*Work instruction:* Omit all pictures, and print word for word only the lines from the one containing "greenpeace_logo.jpg" through the end of the data.
[Data shown — start]
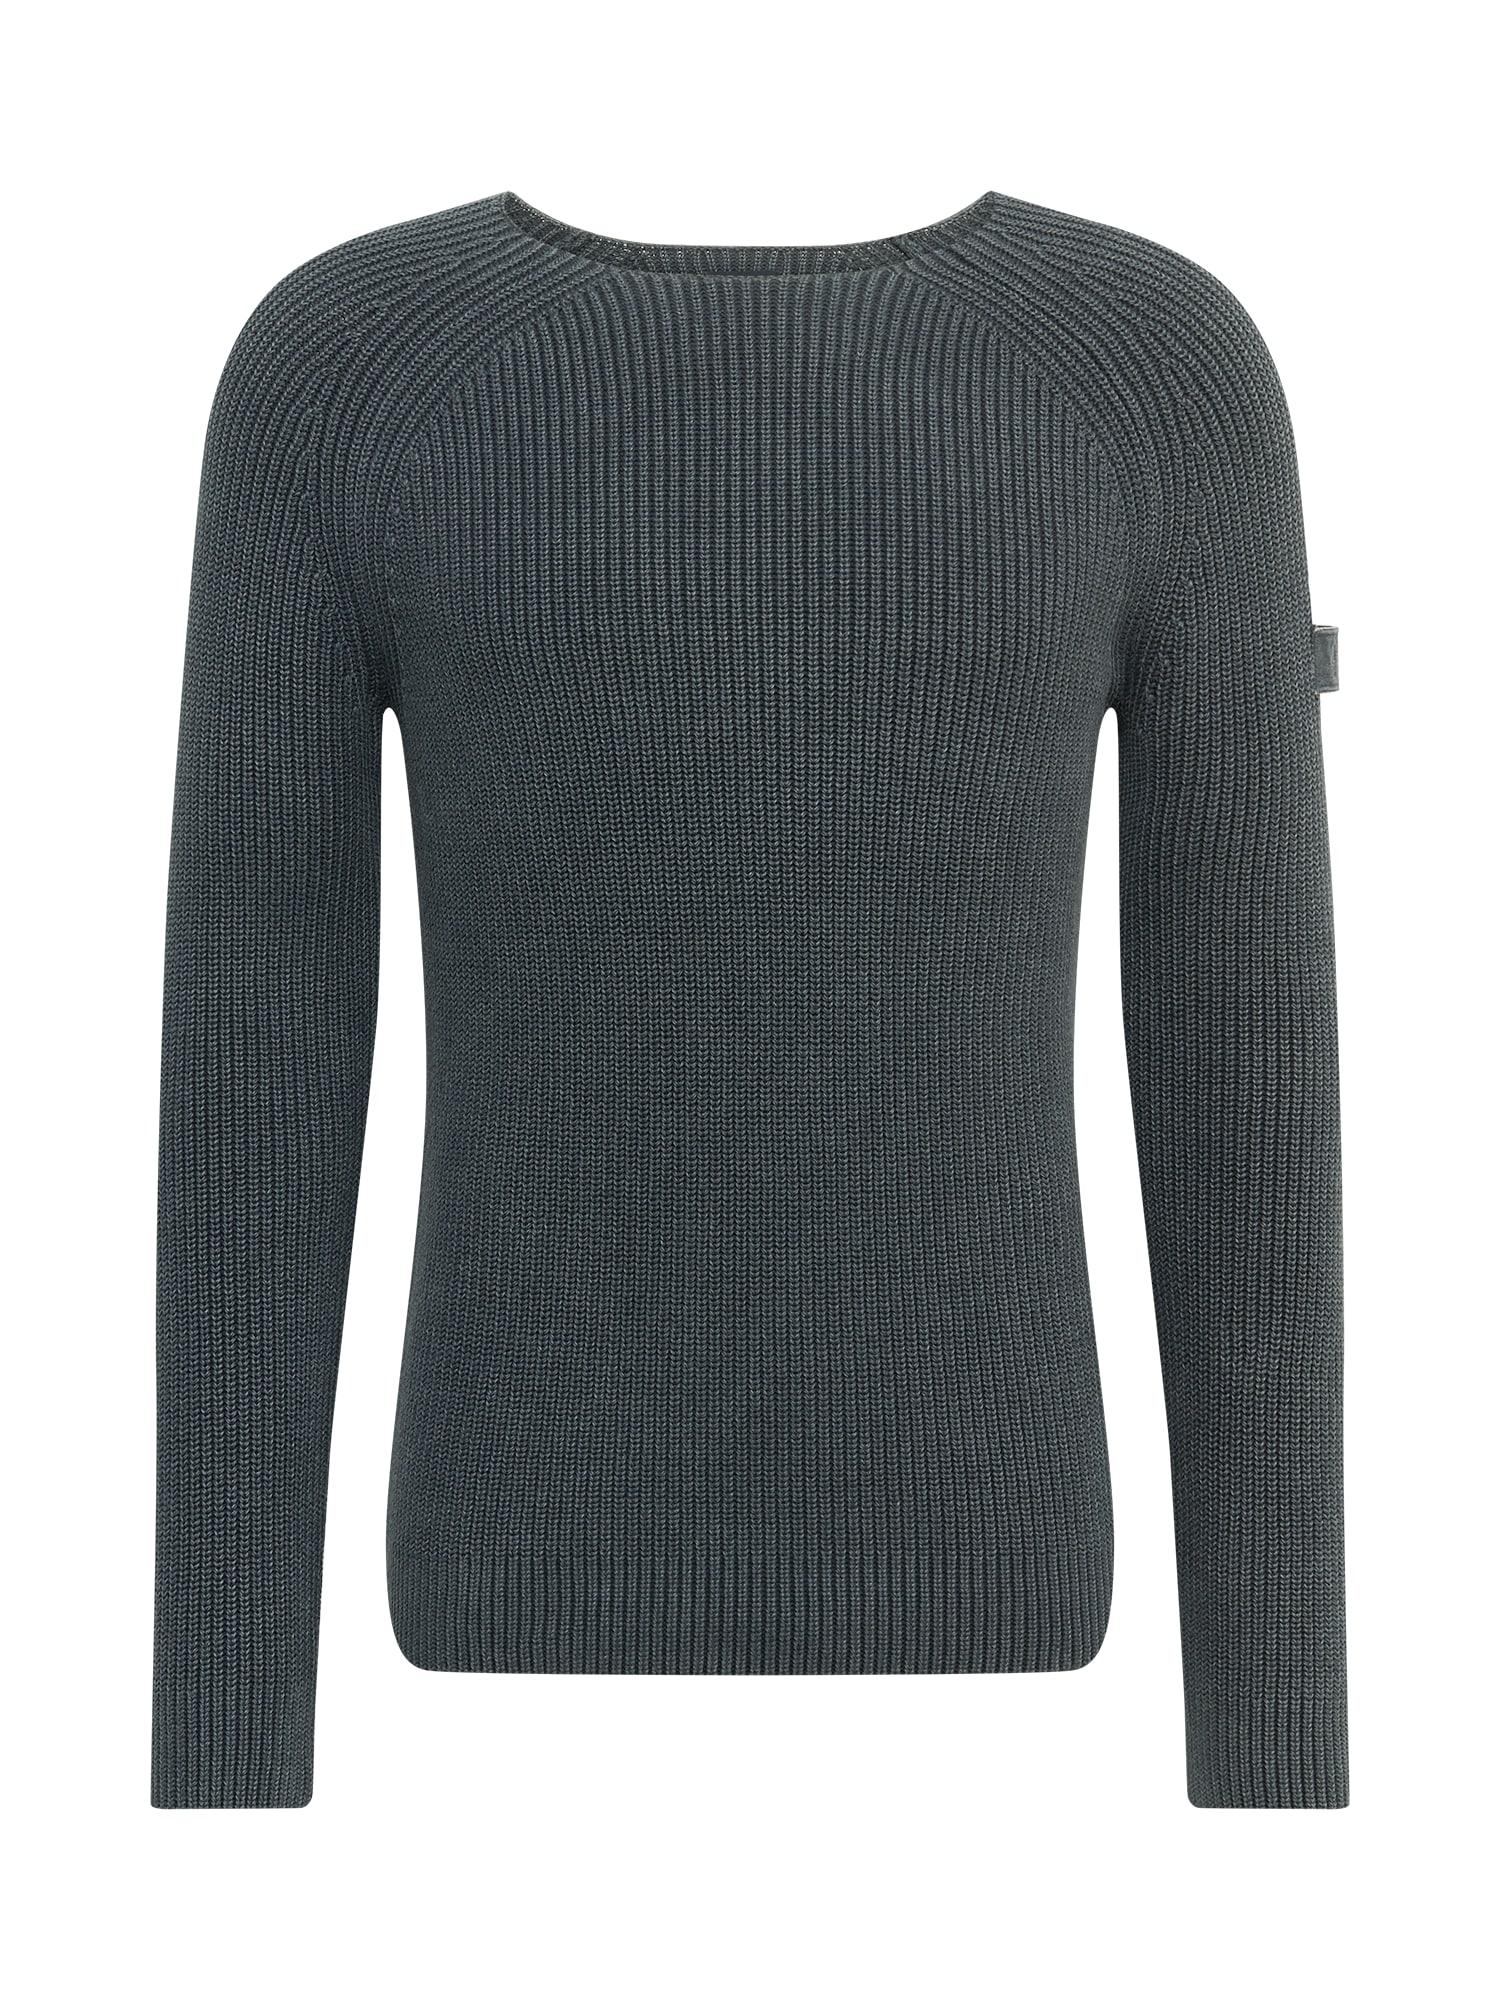 JOOP! Jeans Megztinis tamsiai mėlyna
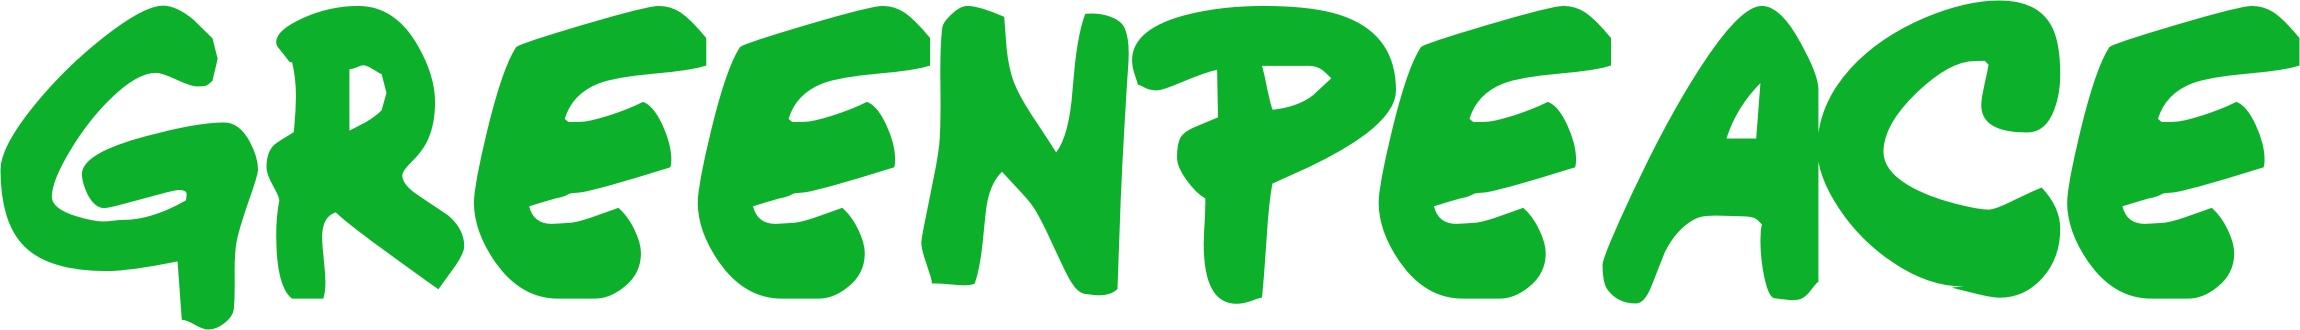 greenpeace_logo.jpg
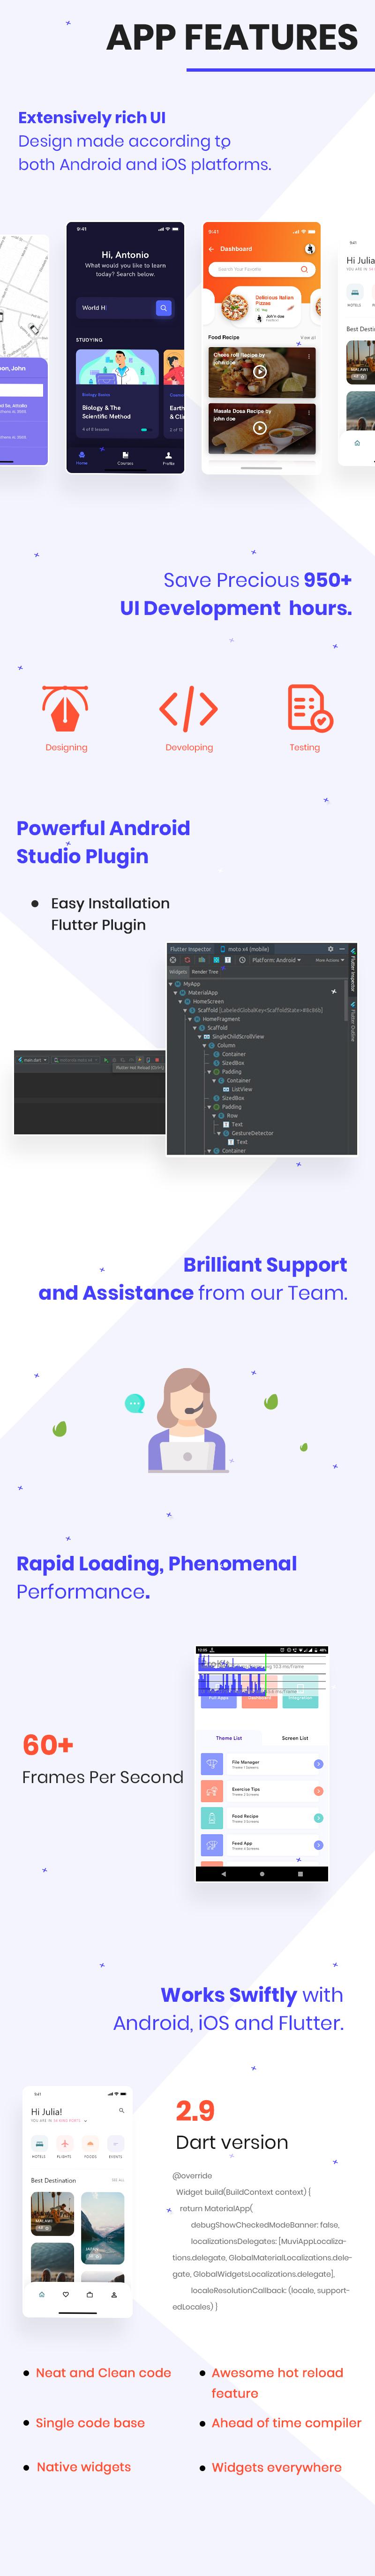 Best Flutter UI Templates | Prokit | Iqonic Design biggest flutter 2.0 ui kit ProKit app features1
[Data shown — finish]
*Expected output:*
 greenpeace_logo.jpg
 Best Flutter UI Templates | Prokit | Iqonic Design biggest flutter 2.0 ui kit ProKit app features1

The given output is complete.